Preservation Victory in Loudoun: Mrs. Paxton Prevails
Rachel Paxton was a wealthy woman who died in 1921, adamant about leaving one legacy--a place where the poor children of Leesburg and Loudoun County would get the care and love that might, in some cosmic fashion, ease some of the pain visited upon her family when her grandson Charles died when he was just five years old.
Paxton's handwritten will left her estate and magnificent 1872 home in the center of Leesburg to a foundation that was to run the Margaret Paxton Memorial for Convalescent Children, a facility that would take in orphans and afflicted children without charge. For most of a century, that's just what the Paxton home was--but in 2004, its trustees shut down the place, saying they could no longer afford to operate it--even if they were sitting on $6 million in assets--and anyway, the building was too old and the land had become too valuable. The trustees proposed to bulldoze the home and sell the 16-acre property to the highest bidder.

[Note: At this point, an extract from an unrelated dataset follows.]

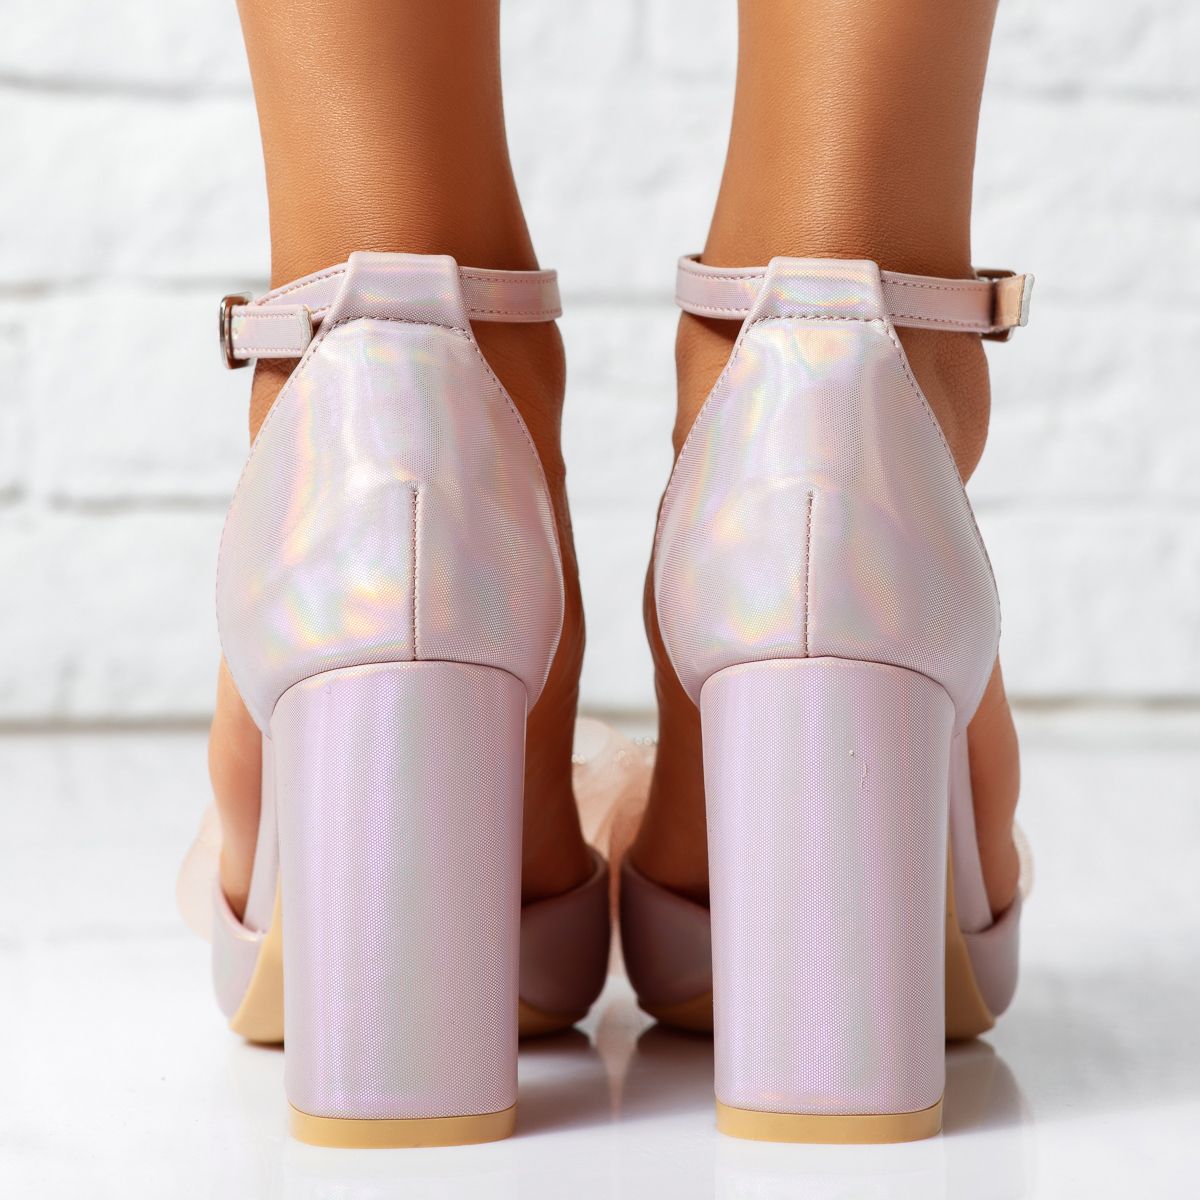 Pantofi Dama cu Toc Misty2 Roz/Aurii #14226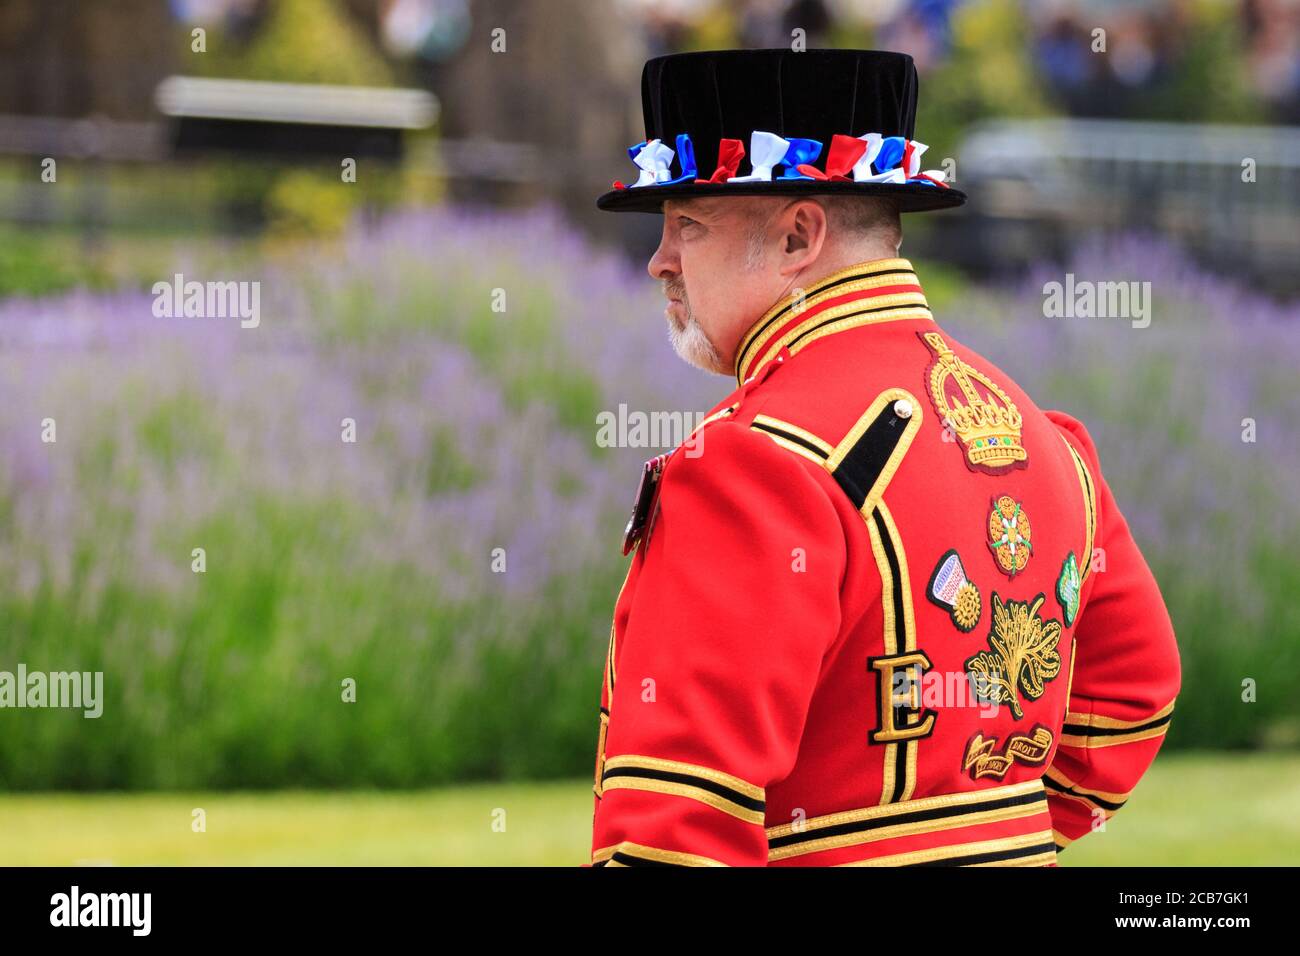 Un guerriere di yeoman, comunemente noto come Beefeater, alla Torre di Londra, in uniforme cerimoniale durante il saluto delle armi, Londra, Inghilterra Foto Stock

Now, there's splendid news for lovers of the Paxton estate and for Loudoun's kids: After considerable pressure from residents and preservation groups and assists from Rep. Frank Wolf and state Sen. Mark Herring, the Arc of Loudoun has signed a 10-year lease to take over the Paxton house and turn it into the new campus of the Aurora School, a facility for autistic children that has operated in Purcellville since 2003. The school will now be able to double its enrollment of 24 students.
"This is a tremendous victory," said Rev. John Ohmer, rector of St. James' Episcopal Church a few blocks away, who sued the trustees in an effort to save the house. (This came after the trustees sued the town, and after the home's two governing boards dissolved into a not-so-civil battle.) Ohmer said it will be more than a year before kids can move into the home, which has fallen into disrepair and which requires several million dollars in work. But given the rising number of autism cases and the relative lack of facilities devoted to caring for autistic kids, the preservation of a grand property is a bright first step.